Yes is the only acceptable answer. The name appears on the engagement letter and the regulator’s register link is in the same letter, so you can verify before any fee is taken. A firm that resists naming the practitioner in writing - "we will tell you after you pay" - has a structural problem.

3. What is the published fee structure?

Ask for it in writing. Fixed fees per stage, with each stage tied to a specific deliverable. The "all-in package" quote given on the first phone call is a sales hook - the firm cannot honestly know the right pathway, and therefore the right fee, until it has reviewed your profile.

How Cosmos answers: three stages, each with a fixed fee. Profile review (paid, written), file-build, submission. See the structure.

4. What does the fee not include?

Government application fees. Language tests. Educational-credential assessments. Medicals. Translations. Settlement services after arrival. Tax advice. Any consultancy that bundles these into a single "package" number is making it harder for you to track real costs - usually because the markup is in the bundling.

5. What is your refund policy?

Refusal of an application does not, by itself, trigger a refund. The work of preparing and submitting a properly evidenced file is delivered whether the officer approves or refuses. What should be refundable is unused stage-fee tranches if you withdraw before that work is done. Get this in writing - in the engagement letter, signed before any payment.

6. How do I file a complaint if something goes wrong?

The named practitioner’s regulator publishes a complaint procedure. CICC, MARA, IAA and ABA-NYSBA each have one. The firm should also publish an internal escalation contact. If neither exists, treat it as a serious red flag.

How Cosmos answers: internal escalation goes to . Same-business-day acknowledgement, 48-hour internal-resolution target. The regulator’s complaint procedure remains separately available throughout.

7. Will you put your published "success rate" in writing?

No legitimate firm will put a percentage figure ("98% success", "guaranteed approval") in writing because it isn’t verifiable and the regulators routinely act against firms that publish such claims. The honest answer is profile-by-profile: your case will be assessed against the published criteria for the chosen pathway, and the assessment will tell you which criteria you meet today and which would need additional work.
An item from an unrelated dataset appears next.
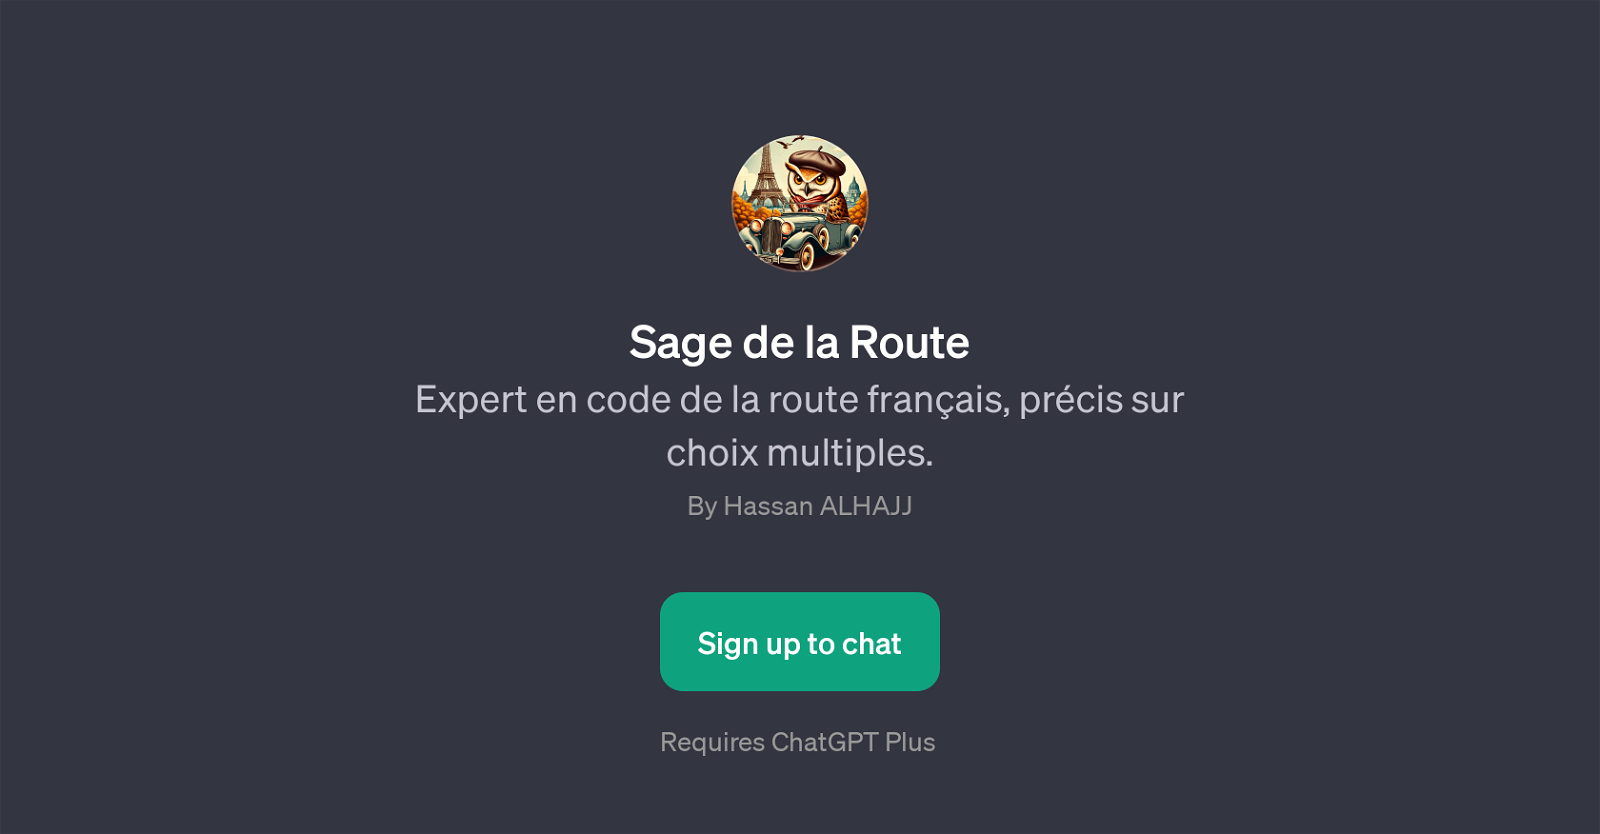 Sage de la Route website

8. Are you giving me legal advice or general information?

Regulated immigration advice for Canada, Australia, the UK and the US can only be given by individuals authorised under the relevant regulator. "General information" is allowed - any website can publish it - but if the firm is making profile-specific recommendations, those recommendations must come from a regulated practitioner whose name and licence appear on the engagement letter.

9. How will my data be handled under UAE PDPL?

The firm should be able to explain its lawful basis for processing your data, where the data is stored, who at the firm has access, and your rights to access, correct and erase. "We use a CRM" is not an answer. UAE Federal Decree-Law No. 45 of 2021 (PDPL) Article 24 gives you specific rights and the firm’s privacy notice should reference them.

10. Why is your office on a Dubai address with no physical presence?

Some Dubai consultancies operate purely as marketing fronts, redirecting all real work to overseas back-offices that are not regulated for immigration advice in your destination country. Ask which named, regulated practitioner sits at which physical address - and verify with a visit. Cosmos has four offices across the UAE, GCC, India and Sri Lanka, with named practitioners attached to each engagement.

The 11th question, which we wish more people asked

"Walk me through the worst-case scenario - what happens if my evidence does not support the pathway I came in for?" The honest answer involves the words ‘withdraw’, ‘different pathway’, or ‘we tell you to wait until your profile is stronger’. The dishonest answer is "don’t worry, we will manage it".